An annual International Trade Commission report finds that growth in U.S. exports and imports of services slowed in 2012 but the U.S. remained the world’s largest services market and leading exporter and importer of services. This report presents a qualitative and quantitative overview of U.S. trade in services and highlights some of the service sectors and geographic markets that contribute substantially to recent services trade performance. The ITC states that this year's report focuses on electronic services and includes chapters on audiovisual services, computer services and telecommunication services and that each chapter analyzes global market conditions in the industry, examines recent trade performance and summarizes the industry's outlook.

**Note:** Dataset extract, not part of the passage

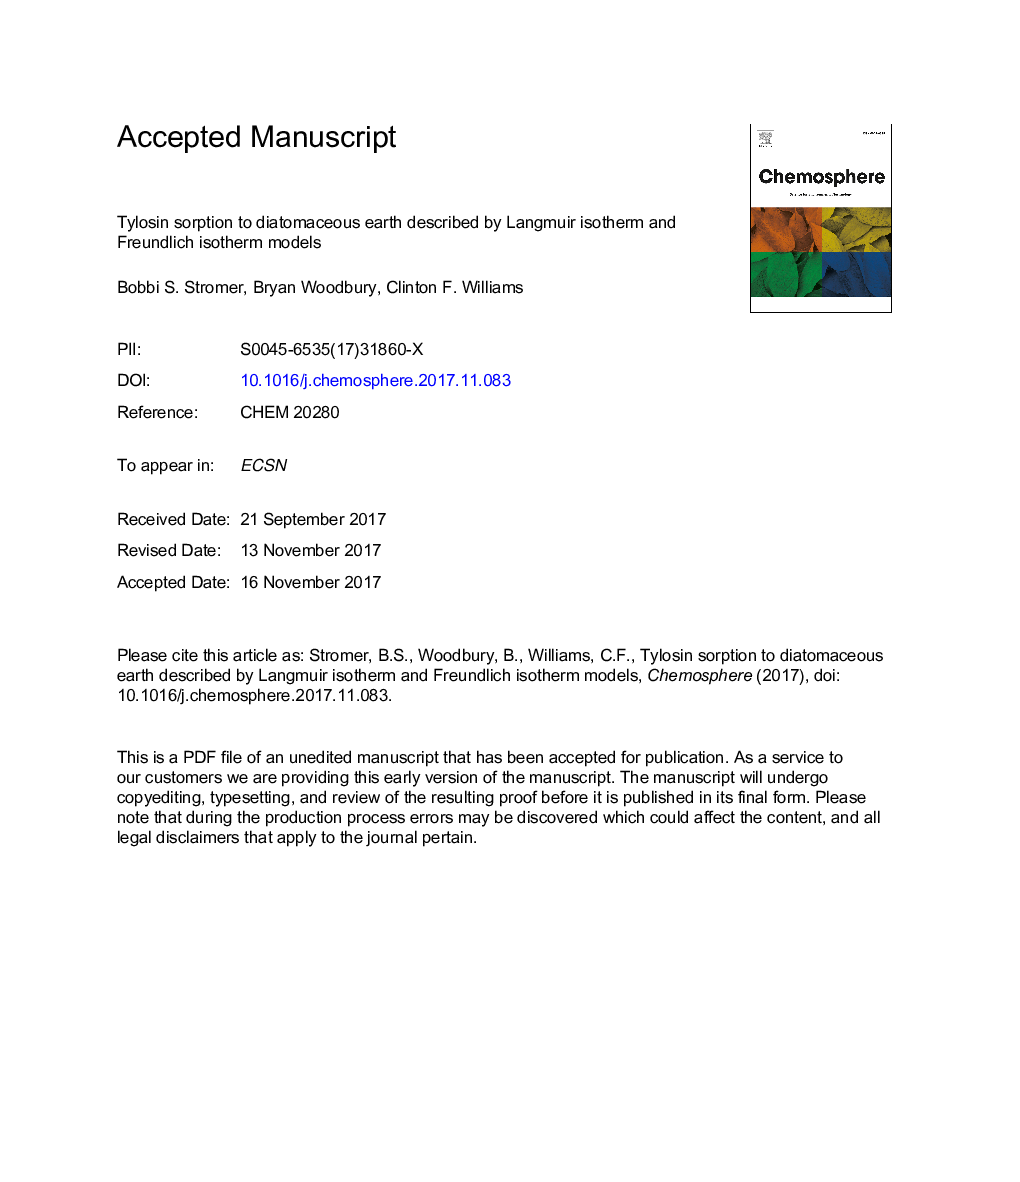 جذب تیلوسین به زمین دیابتی که توسط مدل ایزوترم لانگموییر و ایزوترم فروندلیچ توصیف شده است

The report’s findings for the year 2012 include the following.

- Although they remain global leaders, the U.S. audiovisual, computer and telecommunication services industries have faced challenges brought about by rapid technological change, including the growing demand for and prevalence of Internet-enabled devices and the use of these devices by consumers to communicate and access a variety of content. The importance of electronic services to the U.S. and global economies is expected to grow as they continue to play a key role in enhancing productivity and facilitating trade.

- The value of U.S. commercial services exports was $621 billion (14% of global services exports) while imports totaled $411 billion (10% of global services imports). Leading sectors included travel services and passenger fares (26% of exports and 28% of imports) and professional services (23%/20%).

- U.S. cross-border services exports rose 5% (down from nearly 11% in 2011) and U.S. services imports grew 4% (down from 7%). Electronic services accounted for 7% of exports and 8% of imports, yielding a trade surplus of $7.1 billion in this subsector.

- Sales by foreign affiliates of U.S. firms, the leading channel by which many U.S. services are delivered to foreign markets, rose 11% to $1.3 trillion in 2011. Electronic services accounted for 15% of this total. Leading U.S. markets for affiliate sales included the United Kingdom, Canada, Japan and Ireland.

- Services accounted for 78% of U.S. private sector gross domestic product ($10.3 trillion) and 82% of private sector employees (85 million). Private sector electronic services accounted for about 6% of total domestic GDP and 3% of total private sector employment. Electronic services were the most productive U.S. sector, with an average output per worker of $249,802.

- A variety of impediments restrict trade in electronic services, including localization requirements for computer servers and online privacy protection measures that restrict cross-border data flows. In addition, limits on foreign investment and competition are prominent in several countries' telecommunication sectors, where former monopolies limit access to domestic networks. Noteworthy barriers affecting audiovisual services trade include quotas on imported films in such markets as France and China, Internet piracy of copyrighted intellectual property, and censorship.